- Opening Delimiter -

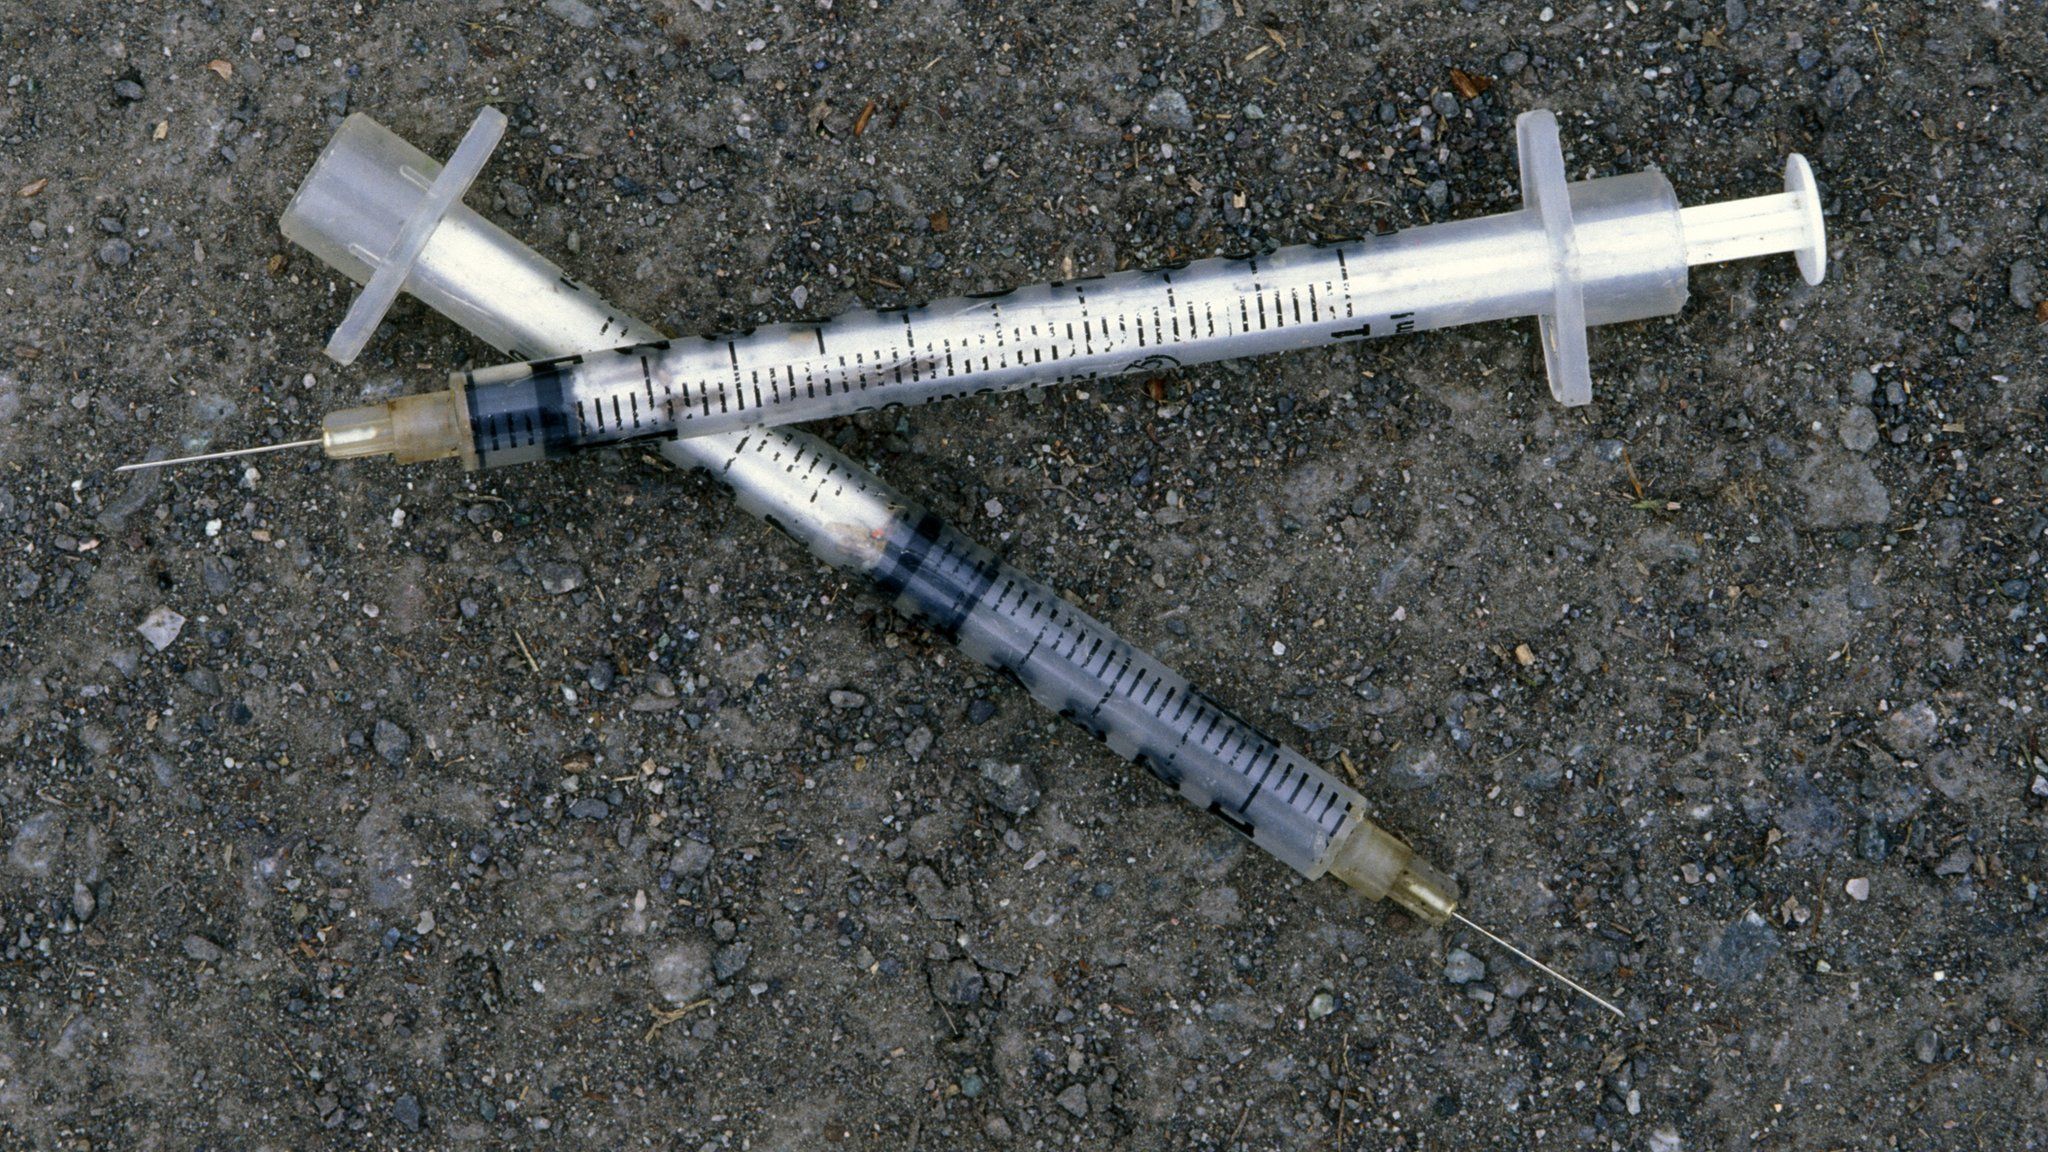 DIscarded syringes
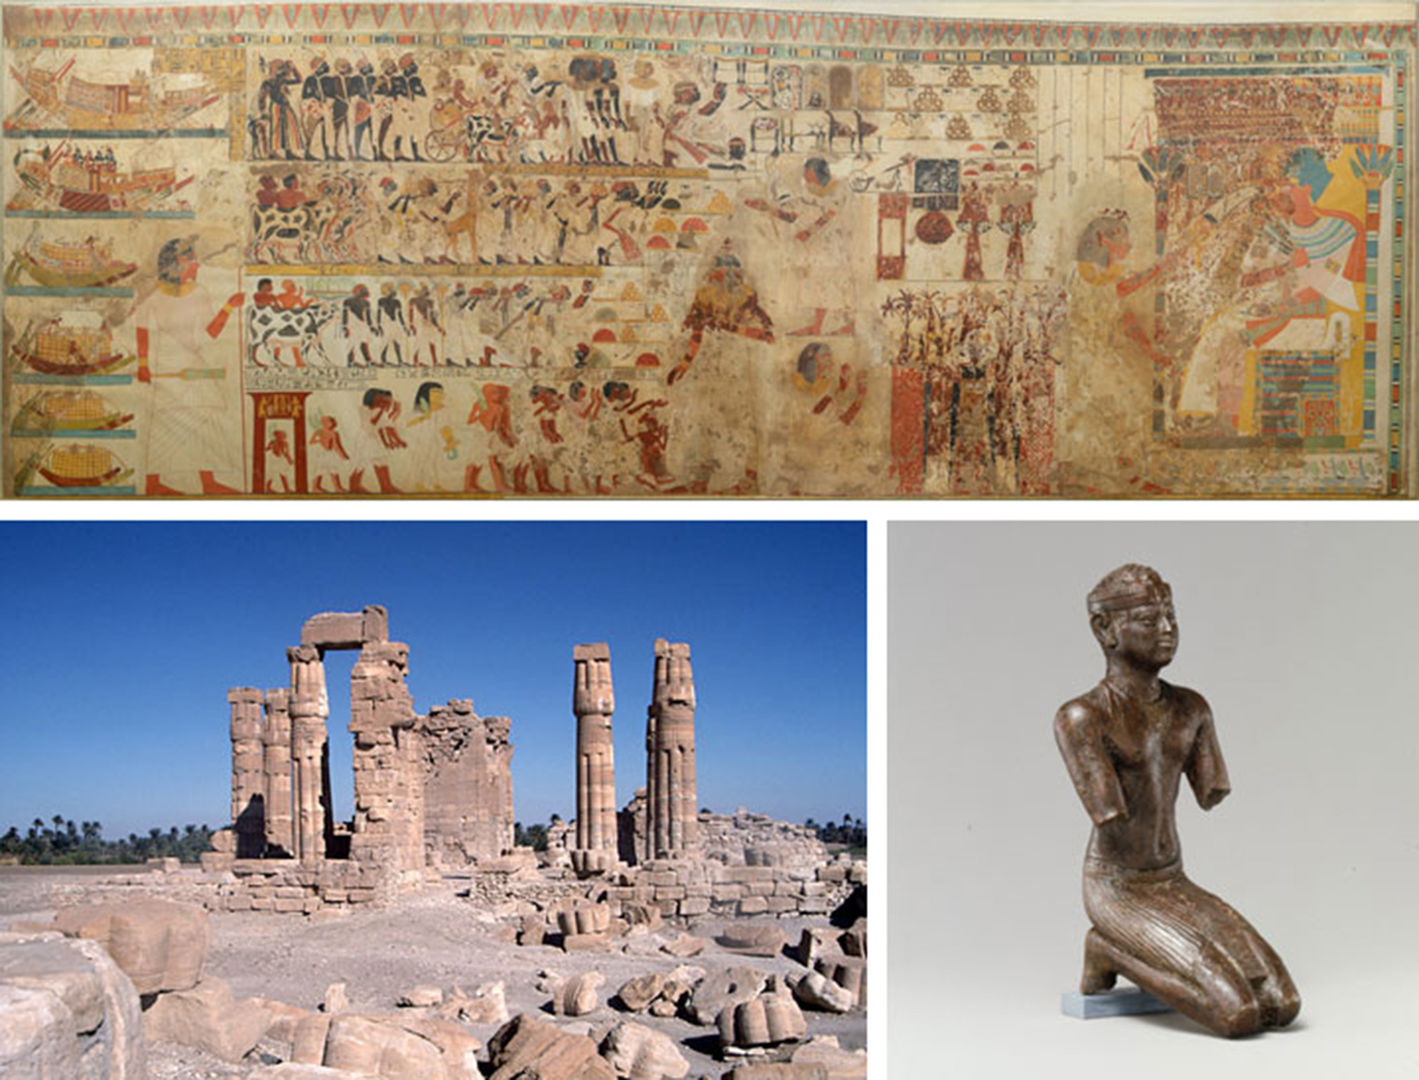 A composite image featuring a facsimile painting depicting Nubian tribute presented to a king, the temple of Soleb built by Amenhotep III (ca. 1390–1352 B.C.) in Upper Nubia, and a bronze figure of a kneeling Kushite pharaoh. 
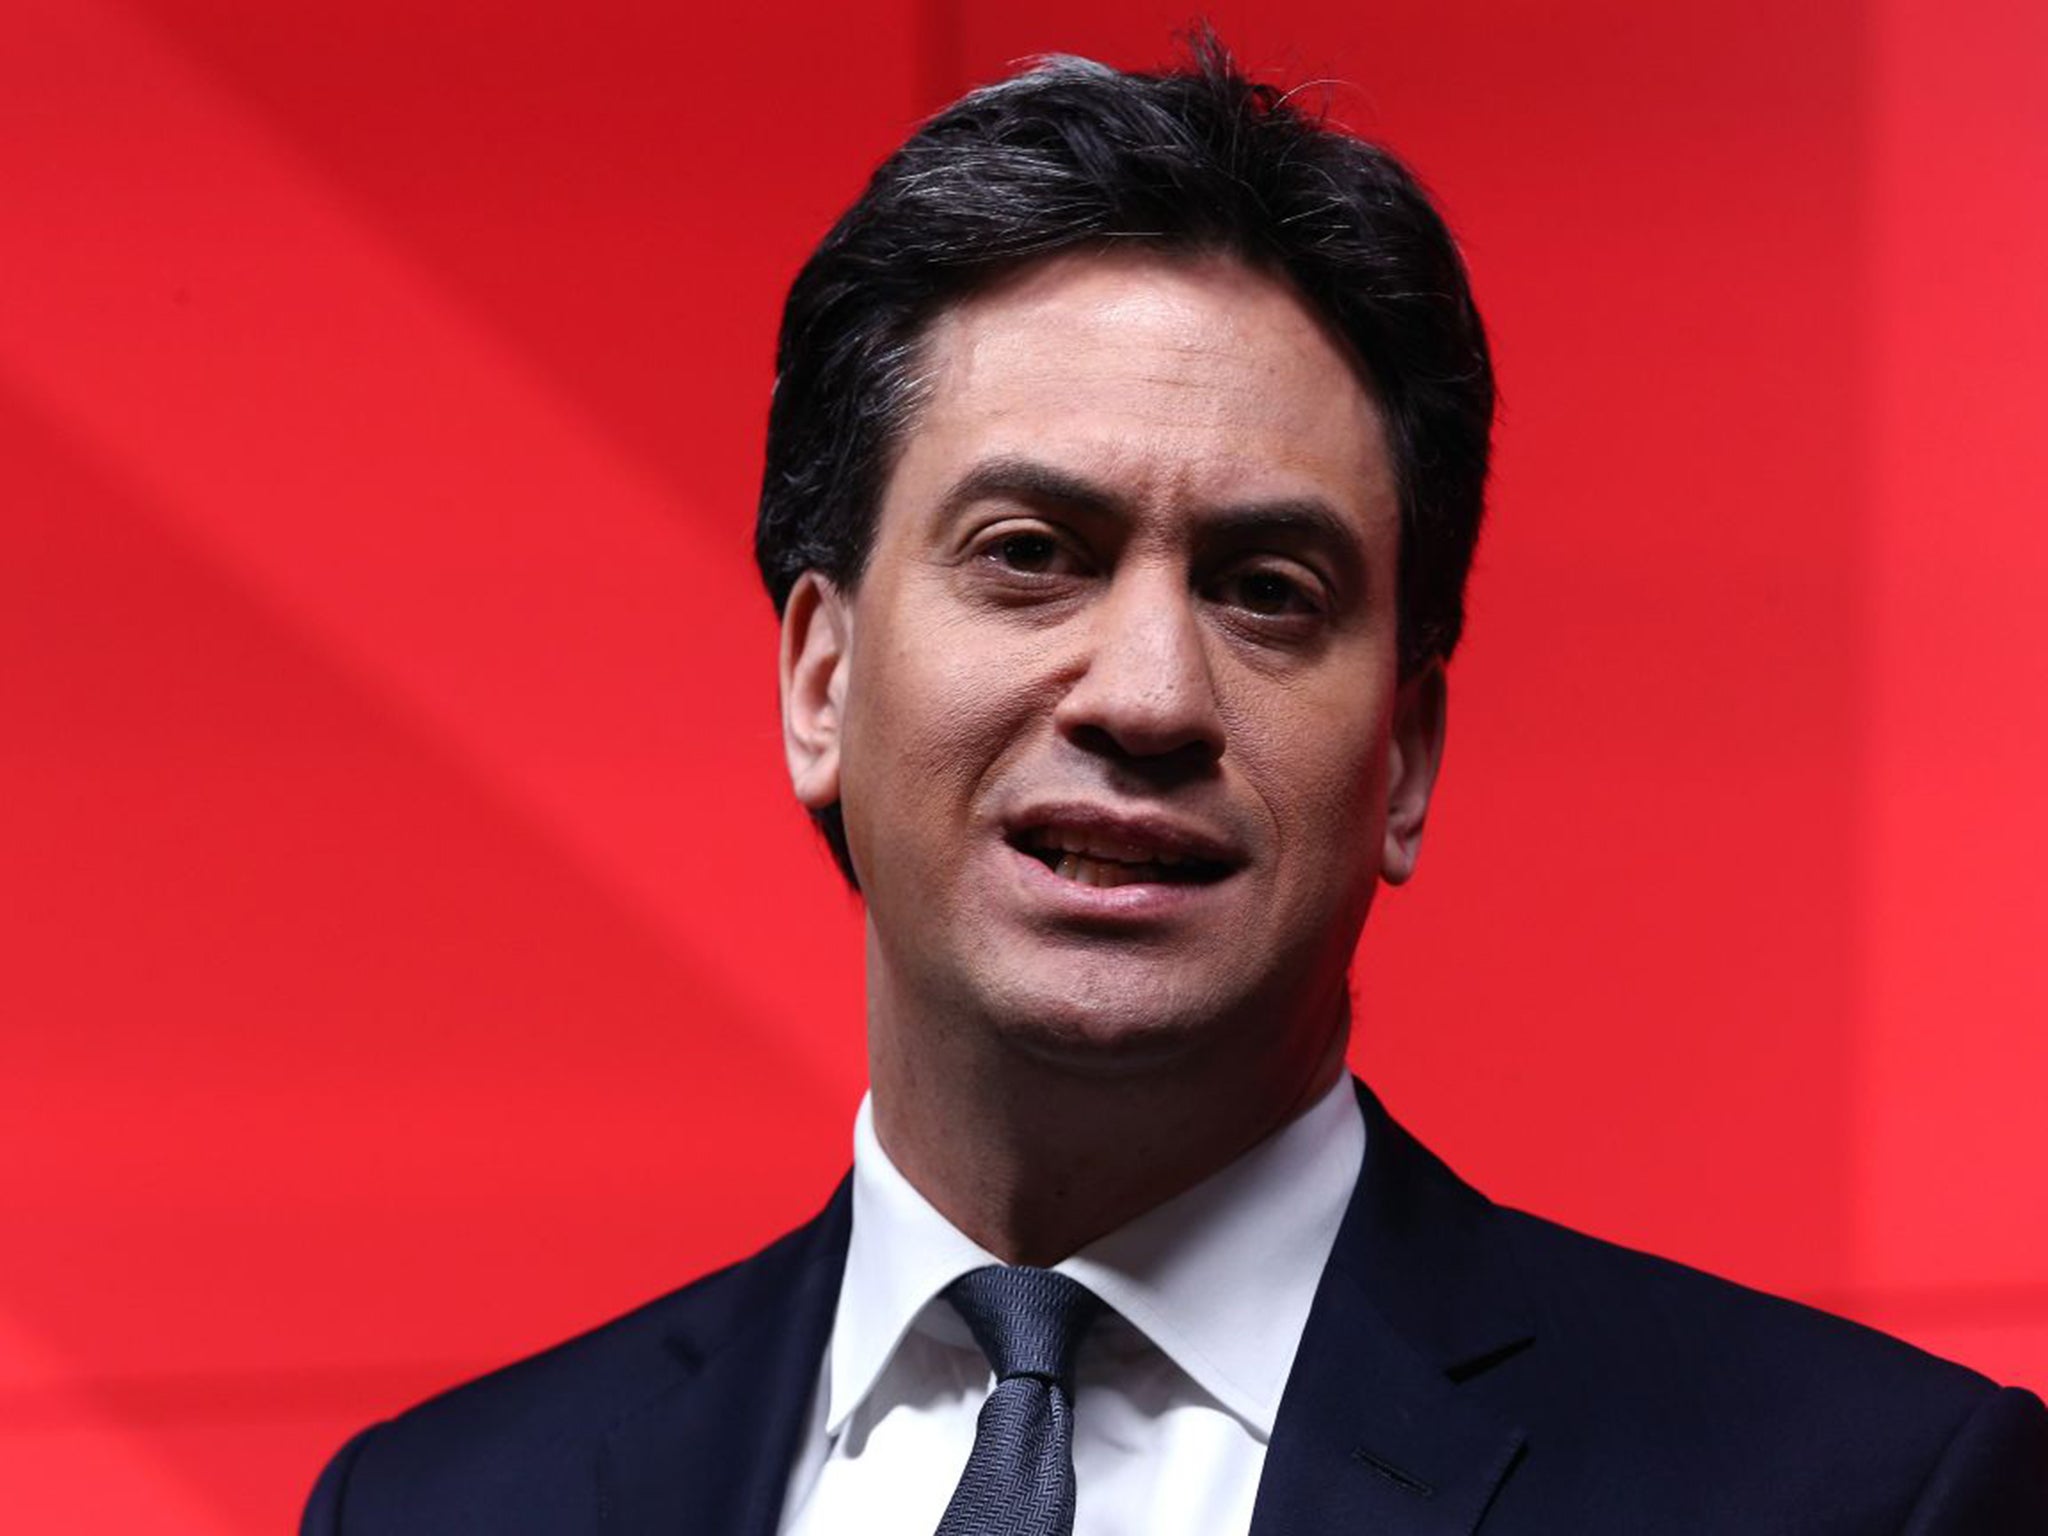 According to the duo, Labour leader Ed Miliband can't be taken seriously
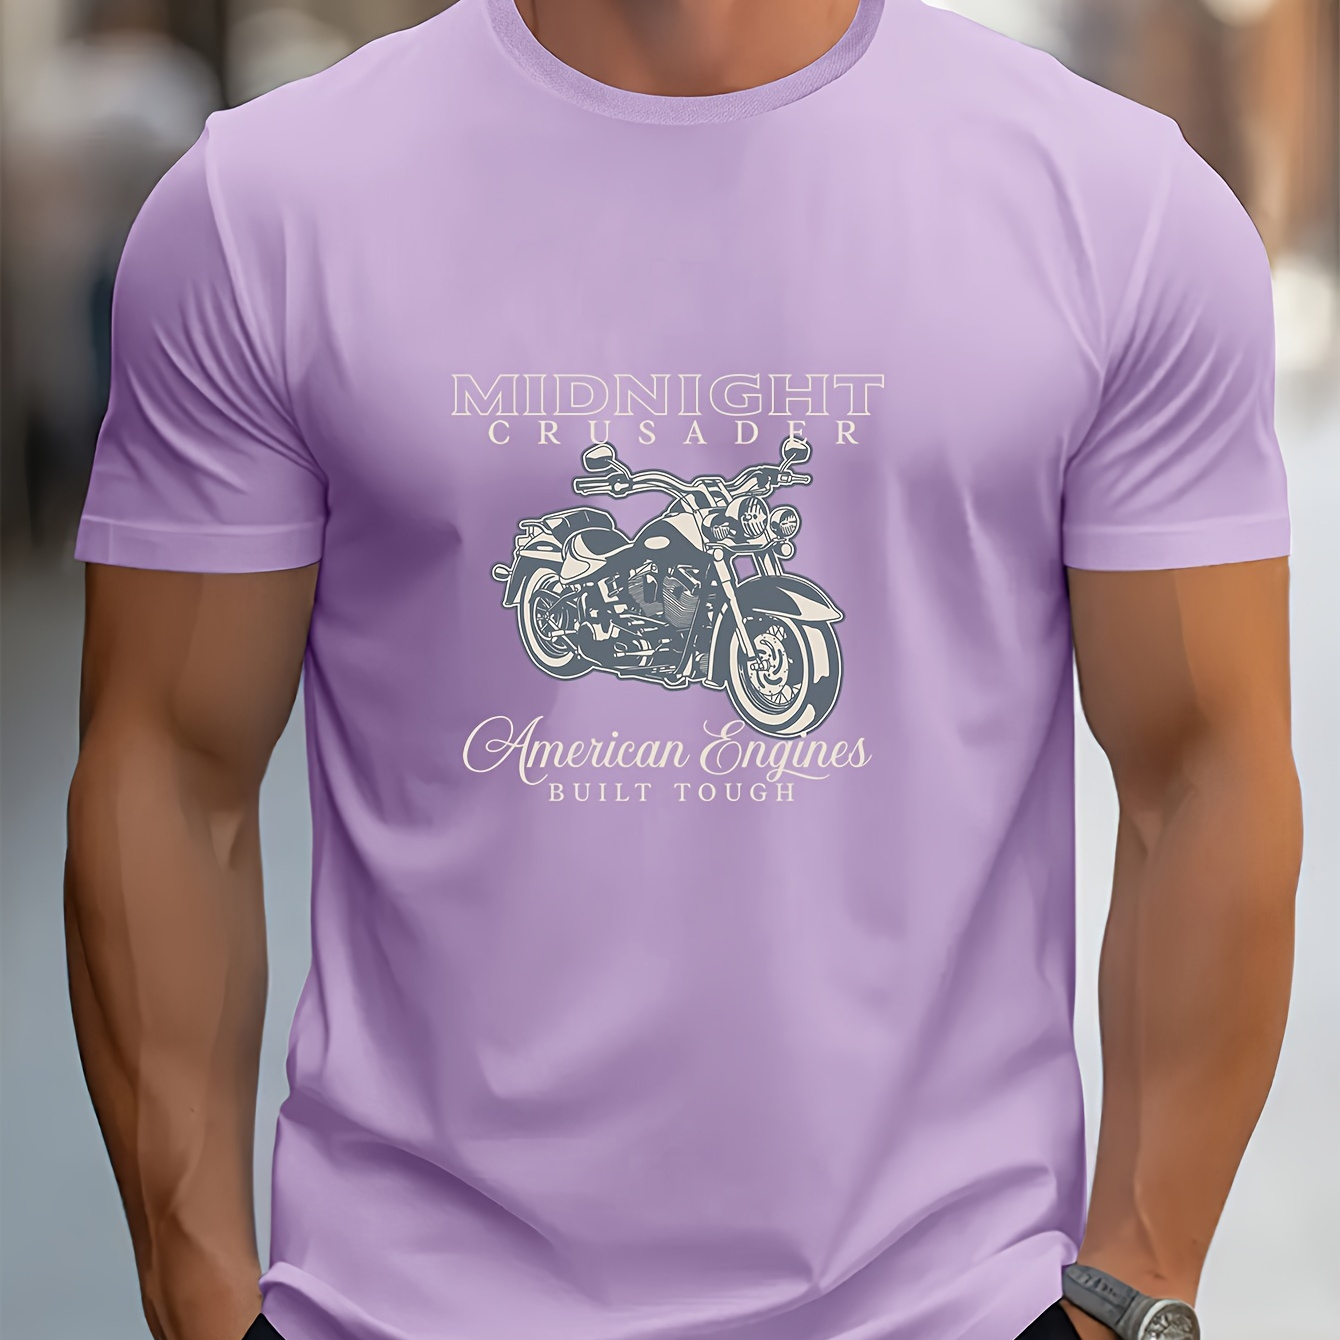 

Vintage Motorcycle Print Tees For Men, Casual Quick Drying Breathable T-shirt, Short Sleeve T-shirt For Running Training

- Closing Delimiter -

TASK GOAL:
Would you please transcribe the listing in full, exactly, while omitting the images?

SOLUTION FOR THIS PROBLEM:
 DIscarded syringes
 A composite image featuring a facsimile painting depicting Nubian tribute presented to a king, the temple of Soleb built by Amenhotep III (ca. 1390–1352 B.C.) in Upper Nubia, and a bronze figure of a kneeling Kushite pharaoh. 
 According to the duo, Labour leader Ed Miliband can't be taken seriously

Vintage Motorcycle Print Tees For Men, Casual Quick Drying Breathable T-shirt, Short Sleeve T-shirt For Running Training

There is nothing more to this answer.